Video Annotator - Tracking objects through video frames¶
The current tutorial illustrates how to use Ipyannotator to classify video data.
The task of identifying objects in a video frame is called video classification.
Ipyannotator allows users to explore an entire set of video frames and specific labels; manually create their datasets drawing bounding boxes and associating labels across the frames; improve existing annotations.
This tutorial is divided in the following steps:
Select dataset¶
This tutorial uses a minimal artificial video dataset generated by Ipyannotator. The dataset follows MOT data format. It contains 20 images with 2 classes (rectangle
and circle
) and doesn’t need to be downloaded.
dataset = DS.ARTIFICIAL_VIDEO
Setup annotator¶
This section will set up the paths and the input/output pair needed to classify the images.
The following cell will import the project file and directory where the images were generated. For this tutorial we simplify the process using the get_settings
function instead of hardcoding the paths.
settings_ = get_settings(dataset)
settings_.project_file, settings_.image_dir
(Path('data/artificial/annotations.json'), 'images')

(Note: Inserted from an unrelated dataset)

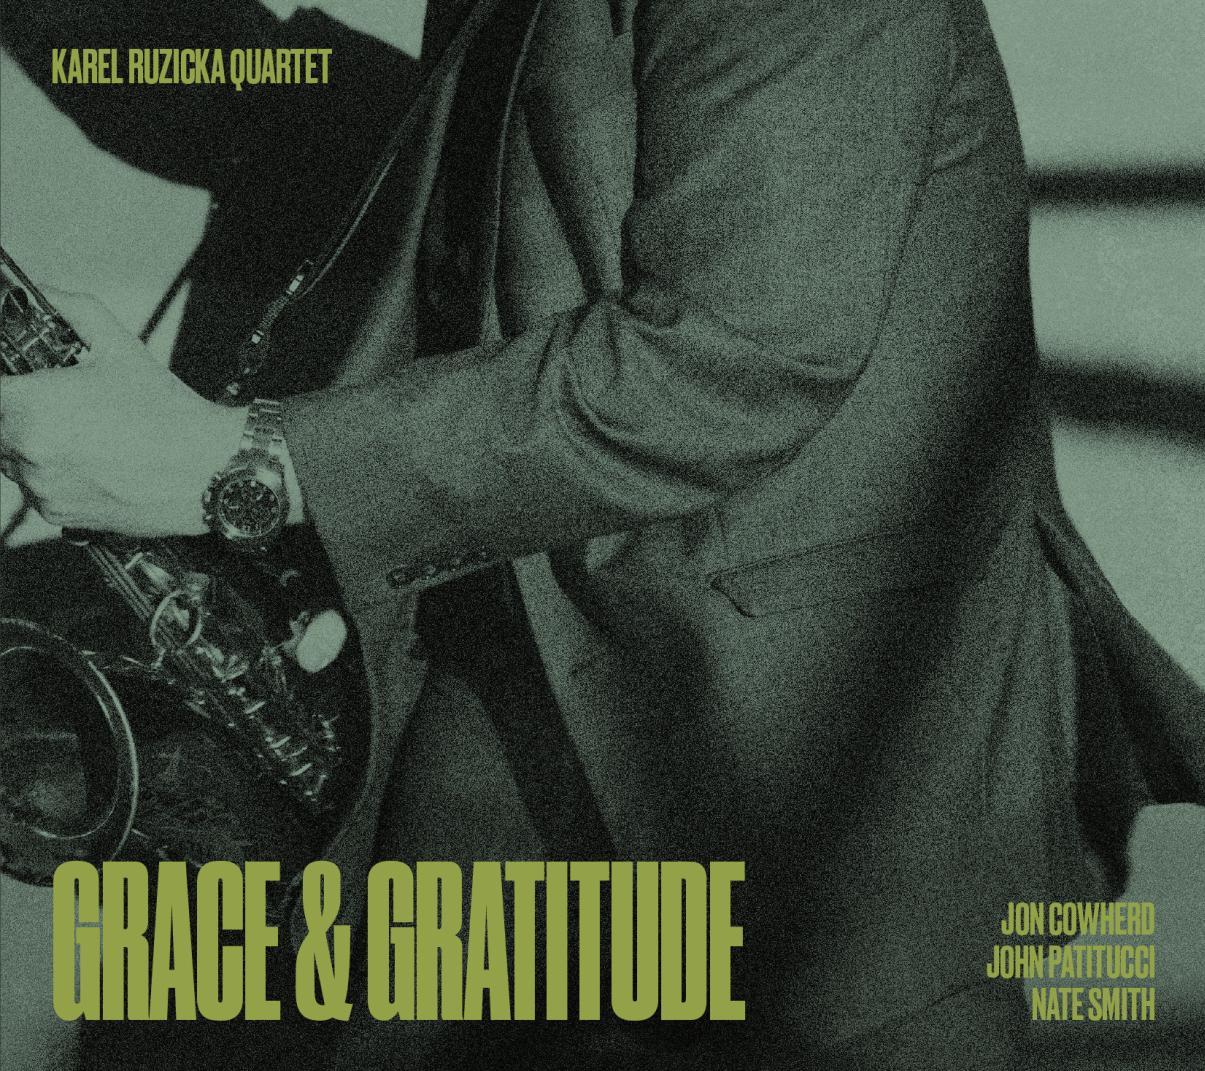 Karel Růžička Quartet: Grace & Gratitude

Ipyannotator uses pairs of input/output data to set up the annotation.
The video image classification annotator uses InputImage
and OutputVideoBox
as the pair to set up the annotator.
The InputImage
function provides information about the directory that contains the images to be classified, and the images itself. The OutputImageBox
function provides information about the directory that contains the classes that can be associated with the images.
input_ = InputImage(image_dir=settings_.image_dir,
image_width=settings_.im_width,
image_height=settings_.im_height)
output_ = OutputVideoBbox(classes=['Circle', 'Rectangle'])
input_.dir
'images'
The final part in setting up the Ipyannotator is the configuration of the Annotator
factory with the pair of input/output data.
The factory allows three types of annotator tools: explore, create, improve. The next sections will guide you through every step.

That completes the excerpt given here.